What to do —
Within the material below, locate the line with "BRAND NEW Diamond" and the line with "NWOT Disney Parks", then return those two lines and all lines between them, exactly as written.

Data for this task —
----------------

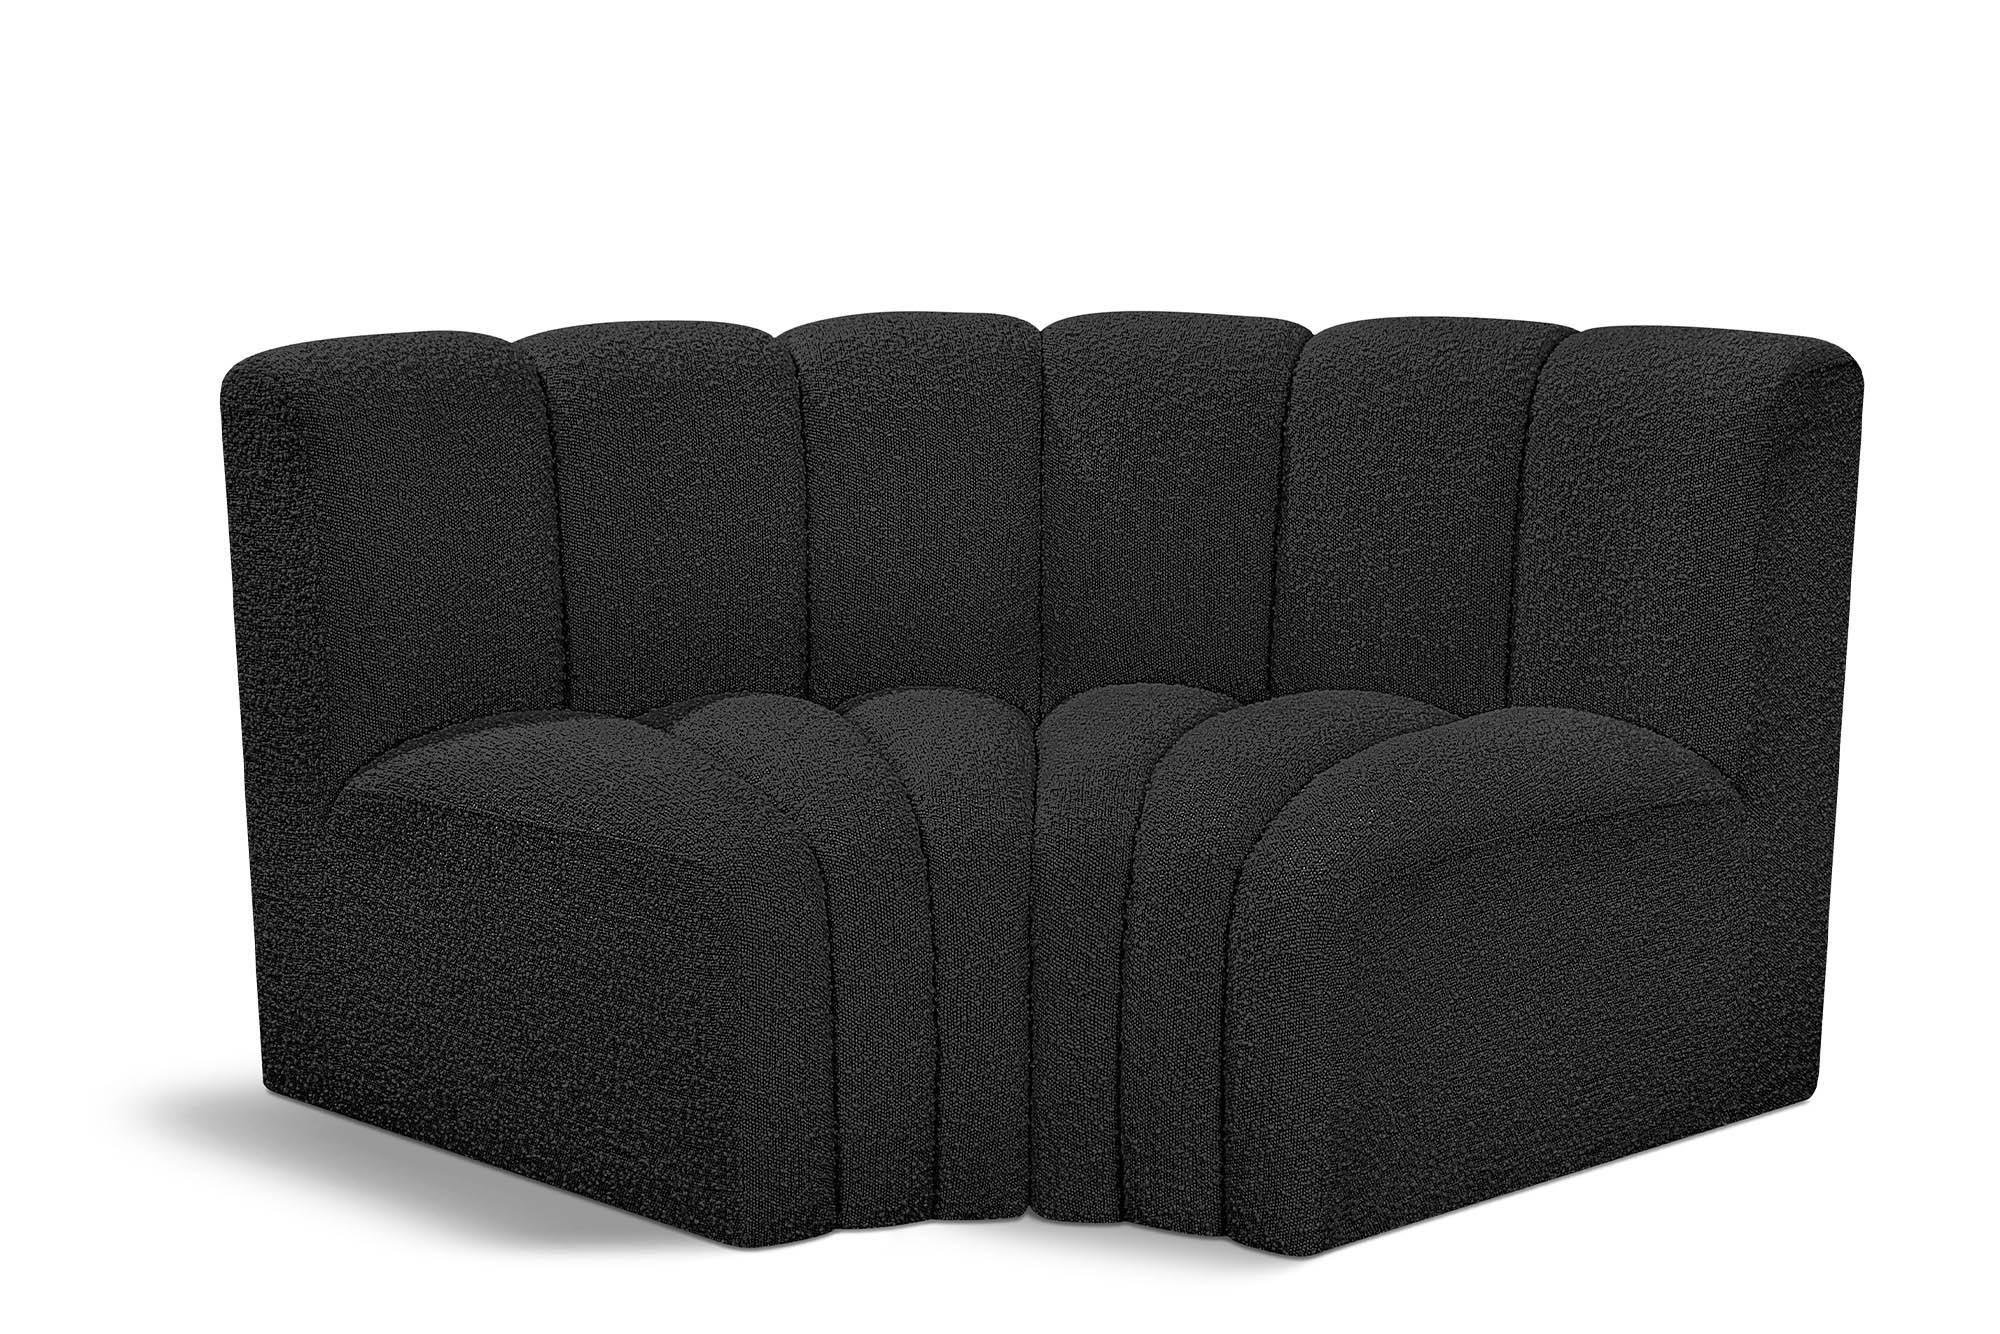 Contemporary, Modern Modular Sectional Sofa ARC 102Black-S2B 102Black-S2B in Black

----------------

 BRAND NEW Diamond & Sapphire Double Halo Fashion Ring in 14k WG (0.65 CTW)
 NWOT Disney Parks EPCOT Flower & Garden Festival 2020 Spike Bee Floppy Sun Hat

----------------

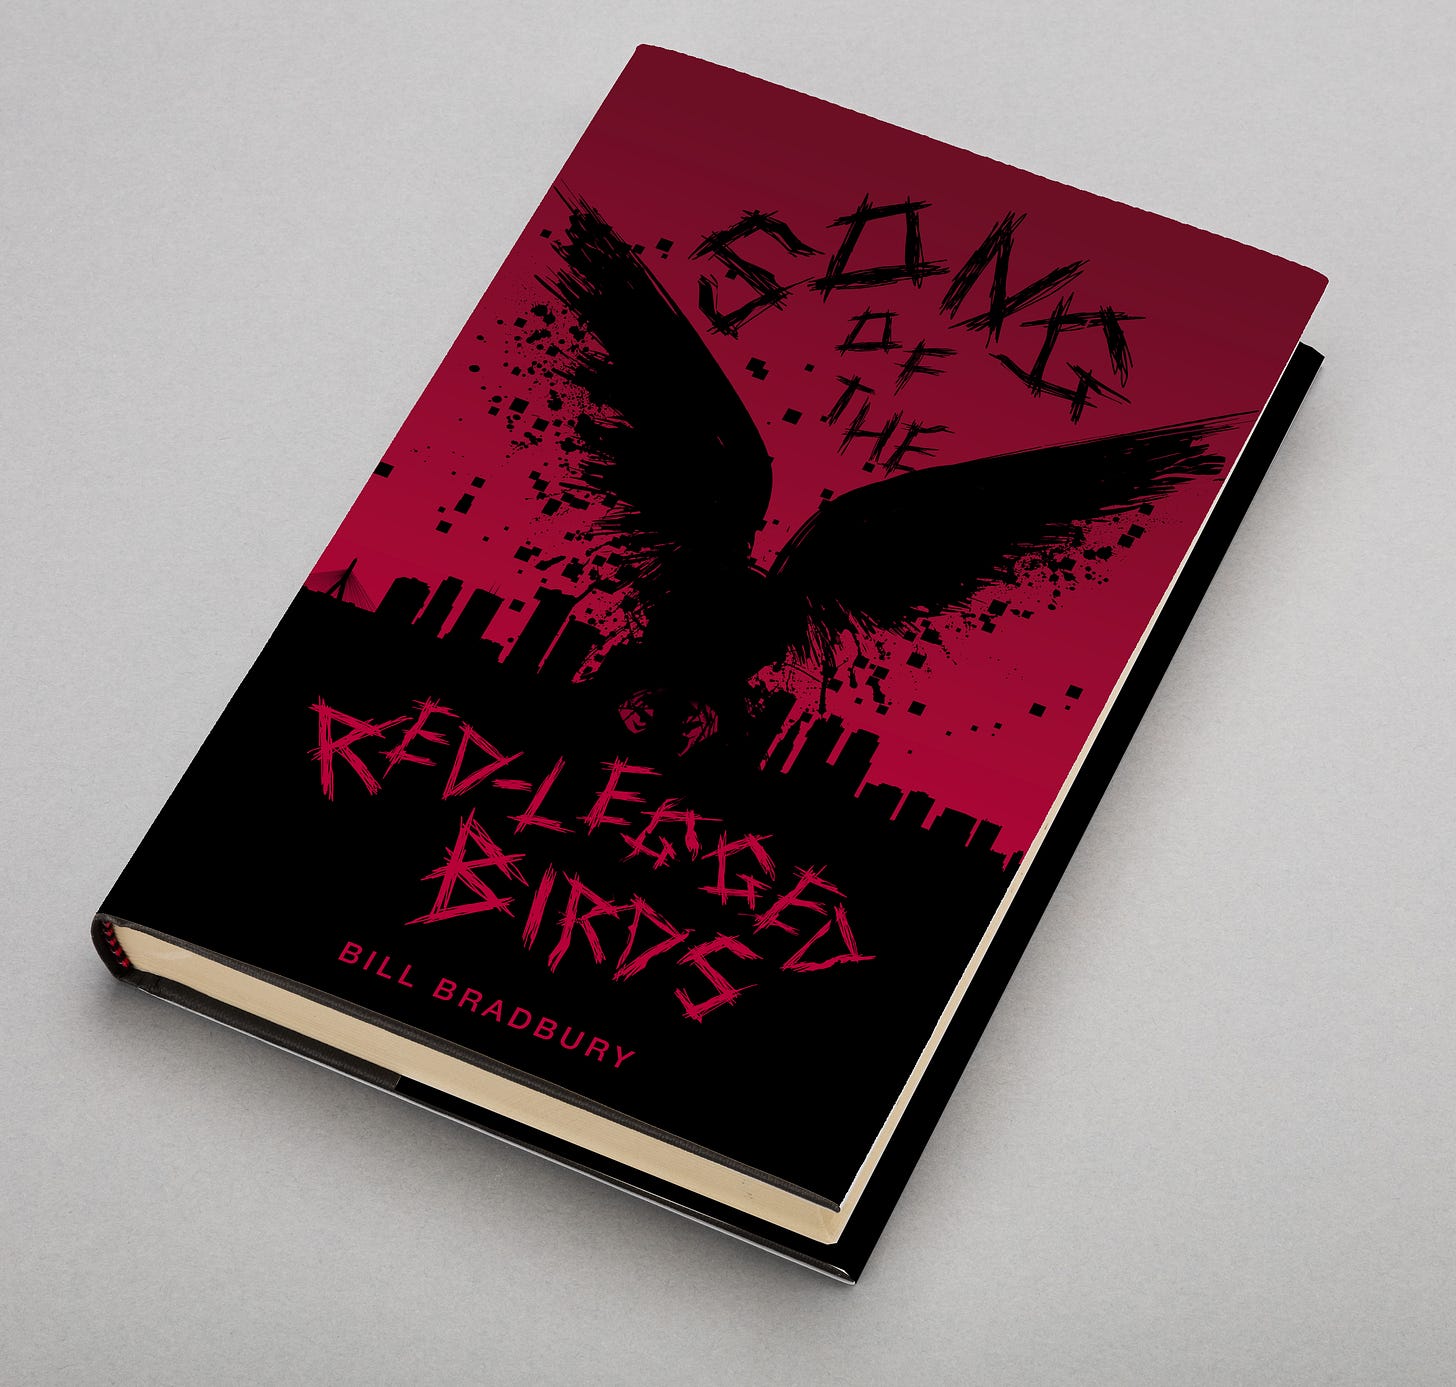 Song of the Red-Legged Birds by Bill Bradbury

----------------

Answer space —
 BRAND NEW Diamond & Sapphire Double Halo Fashion Ring in 14k WG (0.65 CTW)
 NWOT Disney Parks EPCOT Flower & Garden Festival 2020 Spike Bee Floppy Sun Hat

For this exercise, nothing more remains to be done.